Square Enix used its Summer Game Fest slot on June 5 to give the third and final chapter of its Final Fantasy VII remake project a name: Final Fantasy VII Revelation. It is scheduled for spring 2027, closing an arc that began with 2020’s Remake and continued through 2024’s Rebirth.
The most consequential detail is not the title but the rollout. Revelation will launch simultaneously on PlayStation 5, Nintendo Switch 2, Xbox Series X|S and PC via Steam, the Epic Games Store and the Xbox PC store. That is a clean break from the trilogy’s history of timed exclusivity — Remake arrived first on PS4, and Rebirth spent its early life as a PS5 exclusive. A same-day release across hardware suggests Square Enix is now treating the finale as a flagship for the whole industry rather than a platform-holder showpiece.
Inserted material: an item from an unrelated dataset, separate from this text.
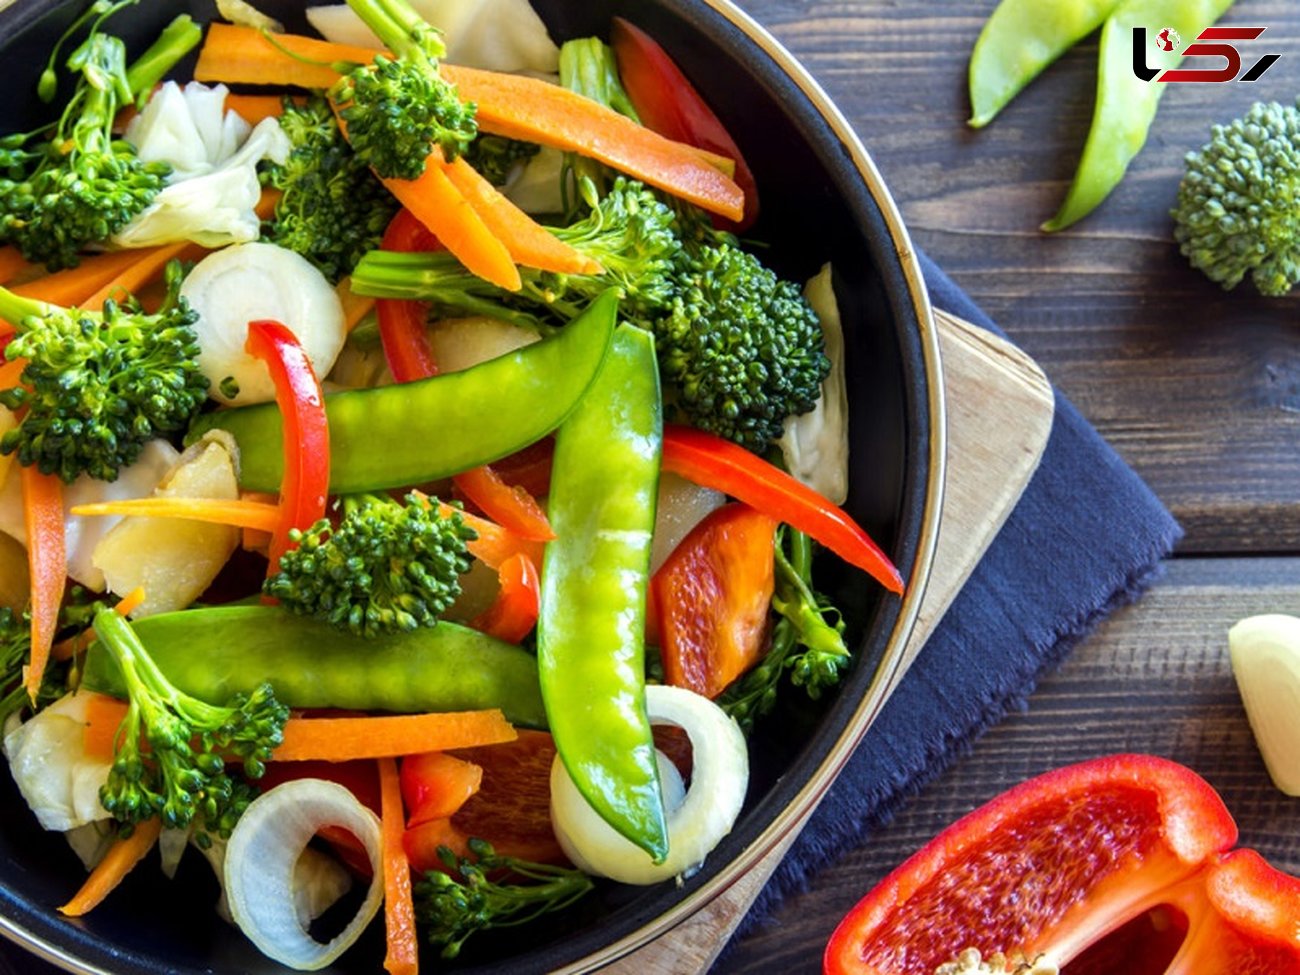 لاغری فوری با خوردن یک پیاله سبزیجات کم کالری

On the design side, the studio is leaning into scale. Revelation is described as open-world, with the returning Highwind airship letting players cross the planet freely and reach regions that the more linear Remake and the partly-open Rebirth only gestured at. Vincent Valentine and Cid Highwind, supporting figures in Rebirth, become fully playable party members — Vincent built around firearm combat, Cid around spear-based attacks.
What Square Enix did not share is as telling as what it did. There is no firm release date inside the spring 2027 window, no price, and little detail on how the trilogy intends to resolve a story that long-time players know ends in tragedy in the 1997 original. Those are the questions the next year of marketing will have to answer.